There is no adequate way to express my gratitude for those who pay for this. I've tried, many times over the past half a year, and I never quite get there. Everyone who currently pays is someone who knows me, who cares about me to some degree outside of this writing venture, and probably that's why they give their $5 each month. More the person behind the words than the words themselves. That's okay. Great, even. Writing compliments are my favorite compliments, and knowing that a handful of people care enough about me to pay for my writing, even if it's more about me as a person, means everything to me. It's frustrating how difficult it is to draw in new readers when I don't have a giant social media following behind me, but I am simply unwilling to do the work to cultivate a following like that. I wouldn't like the person I would have to turn myself into in order to do it, and social media marketing is not one of my passions. Is it anyone's?
It's enough that I get a trickle into my bank account each month, enough to loosen the ever-present knot of money anxiety in my chest if I want to buy, say, a fast food meal occasionally, or a perfume, or a book. Of course I would love to make a living from writing, but that's a dream few people get to realize, especially when it's newsletter writing. Everyone I know of who makes their primary income this way had the giant social media following before they took the leap to a paid newsletter. I did it all backward, as I usually do. I had nothing to lose. Maybe I should have heeded the internet's advice and tried to build a following with a free newsletter first, but I've spent two decades of my life writing on the internet for free. And I've loved most of it, don't get me wrong, it's just not something I can or want to do indefinitely. If not now, when? If not here, where?

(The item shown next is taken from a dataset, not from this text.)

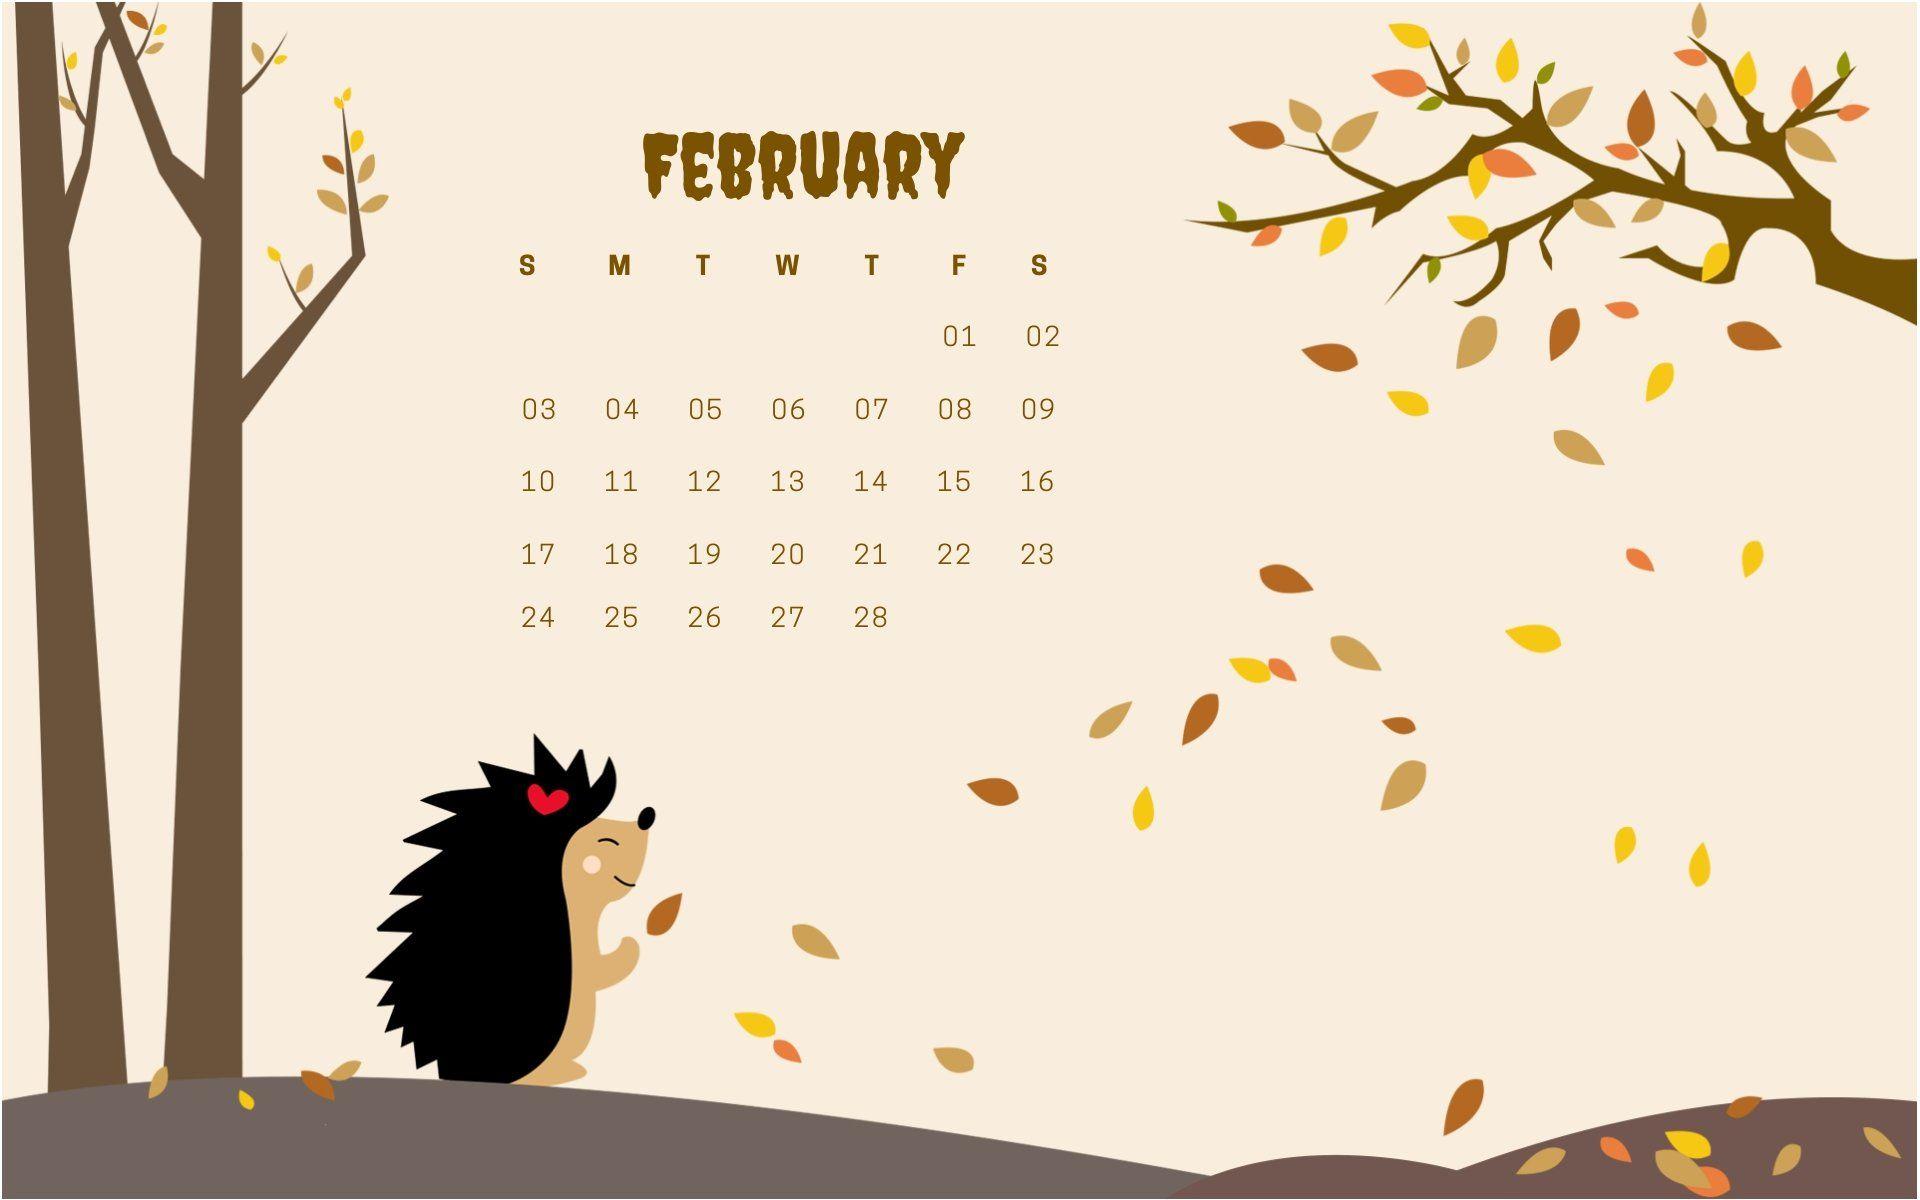 Free February 2019 Calendar Wallpapers Download Calendar

The other bit of common wisdom I've seen repeated countless times is that you have to find your niche, and then niche even harder to find the specific corner of the corner where you can thrive. The internet is so oversaturated with content that it's almost impossible to stand out, so this is the solution, apparently. But I can't do it. I have too many interests and passions, too many thoughts and feelings, too many things I want to share and discuss and dissect. I love an overwhelming amount of things. That's the whole point of this. Even when the world is doing its very best to destroy any spark of joy we manage to ignite, there are always reasons to keep going, and there is nothing that feels as significant to me as helping people to remember that.
But this isn't just for me. It's for you, too, and so I would love to know if the way we've been doing this so far is working for you, or if you would, in fact, prefer that I narrow the focus. Would it actually be better to figure out a specific niche for my writing here and adhere more strictly to it? I know I just said I can't do it, but I could, probably. I've done it before in other spaces. And I'm willing to grant that even the broad focus of keeping hoping machine running is often stretched to its limit by the things I post. It's a loose framework at best, more the thing that gives me an excuse to dump my thoughts somewhere each week than the thing itself. That's fine with me if it's fine with you, but if it isn't, I'm sincerely interested in hearing about it.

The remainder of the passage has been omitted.